All states were measured based on their NAEP score and their ability to provide equal access to high-quality high schools to historically disadvantaged students. Historically disadvantaged students, including low-income students, are present in each and every state in the union.
 
Kansas and Nebraska may have a more homogeneous population, but they still struggle to provide minority and low-income students with access to a top high school. A state like Oklahoma lags when it comes to the NAEP.
 
Each state is measured by how well they provide minority and low-income students access to a high-quality high school, compared to White, non-Latino students in that state. The data here is clear. Regardless of how diverse or homogeneous a population a state may have, each and every state has much work to do to improve quality and equity in its public schools. We should not be satisfied when only eight states are able to demonstrate moderate proficiency and access. And we should not be making excuses for those states that fail to meet proficiency goals, access requirements, or both.
 
 
10)  What does Arne Duncan have to do if he reads your report and takes it seriously?
 
First off, we have a lot of work ahead of us. The federal government must view its primary role in Education as guaranteeing and protecting all children’s fundamental right to a high quality education. In 84 percent of our states, students simply do not have a fair and equitable opportunity to learn, despite all of the rhetoric and activity taken over the past several decades. Lost Opportunity provides Secretary Duncan, along with our governors, state legislatures, chief state school officers, and other policymakers with a great deal of information and guidance. First, we can’t measure our success based solely on student achievement.

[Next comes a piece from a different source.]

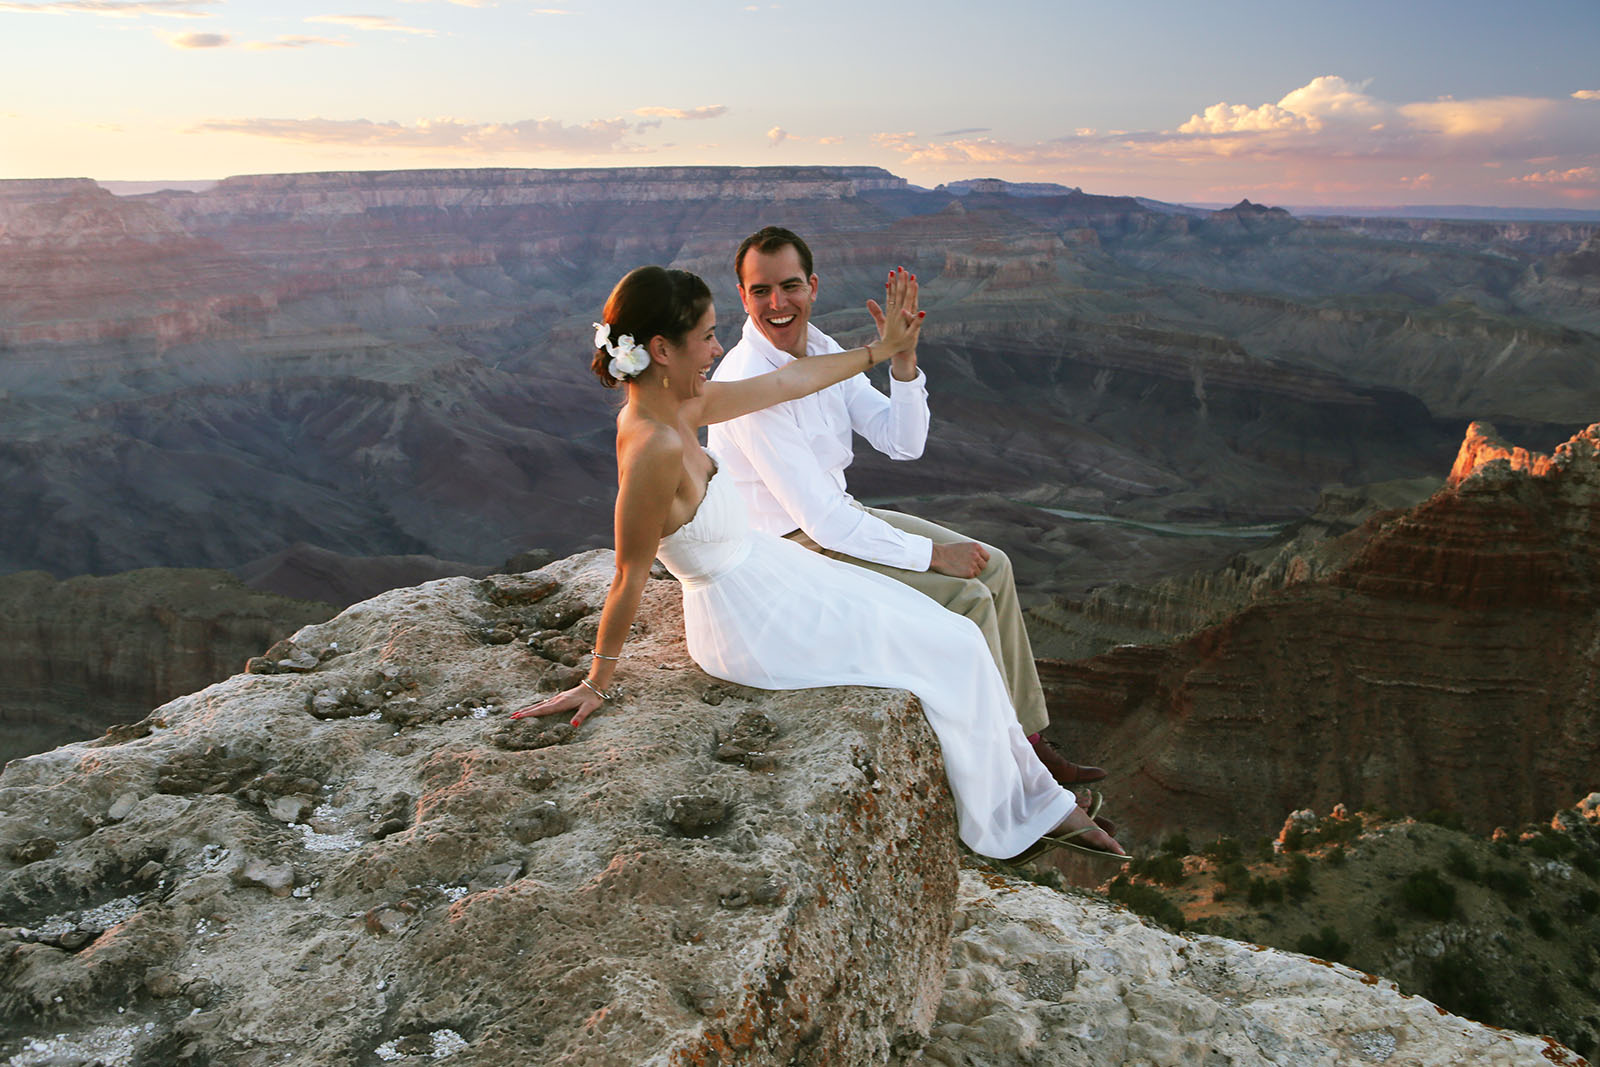 Young eloping couple celebrating their wedding at the Grand Canyon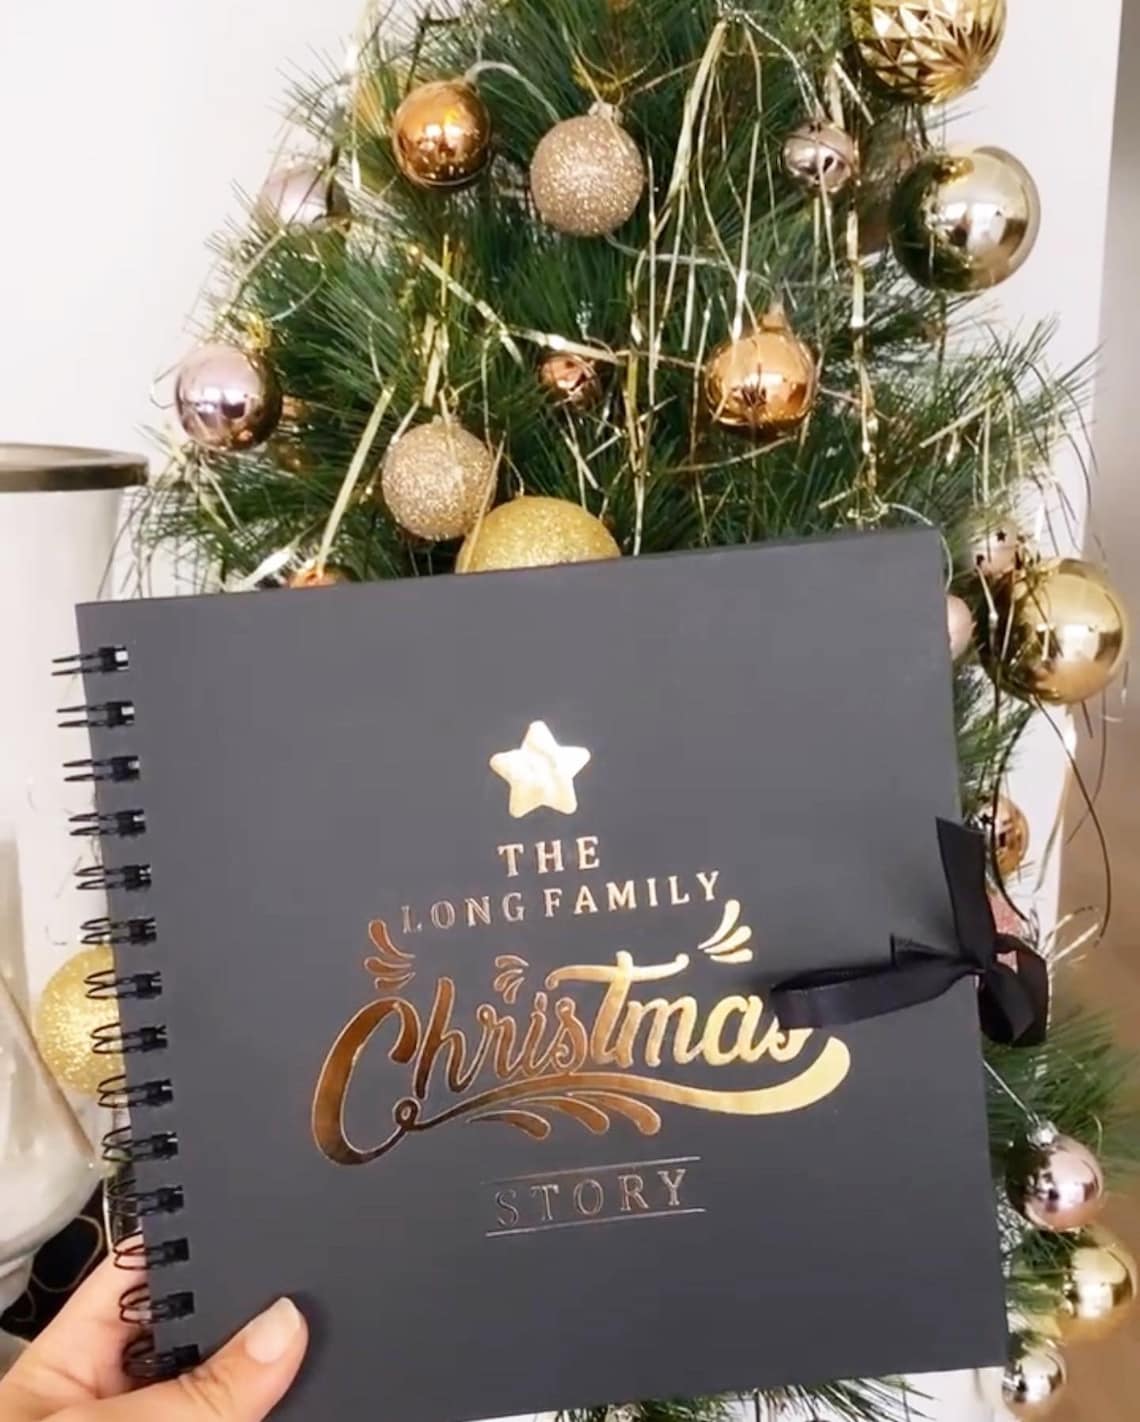 Our Christmas Story Book

If we do that now, the grading curve makes 43 percent an A-plus. No student in even our worst of schools would expect to get an A for a 50 percent.
 
The Secretary of Education should lead the federal government’s effort to develop an Opportunity to Learn Resource Accountability system to monitor and support state’s efforts to improve all students’ access to at least four high quality core educational resources: 1.early childhood education, 2. Highly effective teachers; 3. College preparatory curricula; and 4. Equitable instructional resources.
 
Secretary Duncan has made clear that one of our top priorities, as a nation, is to turn around chronically underperforming educational systems and schools. Secretary Duncan should require each state receiving ARRA funds to develop five-year Opportunity to Learn state plans with economic forecast beyond the two-years of the ARRA funds. The plans should outline the states’ strategy to improve access to high quality education systems across the state for all children. Lost Opportunity shows that in far too many states, are educational systems and schools underperforming both on student achievement and student access. Both components must be considered, addressed, and resolved if we are to truly improve public education for all and close the achievement gap.
 
Lost Opportunity now provides us all a clear benchmark, a starting point for our education improvement efforts. We must seize advantage of this benchmark and use it to shape policy, direct funding, and build public will for the changes and improvements necessary to increase proficiency and access for all students.
 
In the immediate term, I hope the U.S. Department of Education uses the data found in Lost Opportunity to ensure four key principles. First, federal early childhood education dollars should be committed to improving access to high-quality programs aligned with learning and social development goals. Second, we must use newly available dollars to ensure that at-risk and hard-to-staff schools have access to qualified and effective teachers and that those teachers are incentivized to improve opportunities to learn. Third, we need to prioritize the implementation of a college preparatory curriculum for all students, improving secondary and postsecondary opportunities for all students. And finally, we need to ensure that dollars are getting to those districts and schools that have long been at an instructional disadvantage, providing the educational resources necessary to transform poorly resources schools and bring them up to par, in terms of both dollars and access to quality programs, with high-performing schools.
 
 
11) John, how do I get a copy of this report?
 
The Lost Opportunity report, along with the individual reports for each state, can be found at www.otlstatereport.org.
 

 
12) What have I neglected to ask?
 
Lost Opportunity is not merely a report, it’s a platform for change. A galvanizing call for philanthropic partners, our grantees, and grassroots, grasstops and netroots advocates to organize to build a public will movement to strengthen our democracy, economy, communities and become better global citizens by guaranteeing that all students have a fair and substantive opportunity to learn.
 
In 2008, Given Half a Chance: The Schott 50 State Report on Public Education and Black Males, revealed that nationally, only 47 percent of America’s Black males were graduating from high school. As the Schott Foundation moved beyond the surface level outcome data, we discovered even larger resource disparities which, in many respects, explained the large outcome disparities. These inequities extended far beyond just dollars; the students were also less likely to have access to highly effective teachers, early childhood education, and college preparatory curriculum.
 
In the states where Black males were more likely to have access to those critical resources, they performed better. Likewise, in the places where White males were denied access to these same key resources, like in Detroit and Indianapolis, their outcomes also suffered severely. Simply put, what we witness today in the achievement gap is the silhouette of a larger opportunity gap that is identifiable both by race and socio-economic status. The achievement gap is merely one of many symptoms of a larger systemic illness. Lost Opportunity: A 50 State Report on the Opportunity to Learn in America not only helps us better diagnose the illness plaguing far too many schools, it begins to point us toward a prescription and cure.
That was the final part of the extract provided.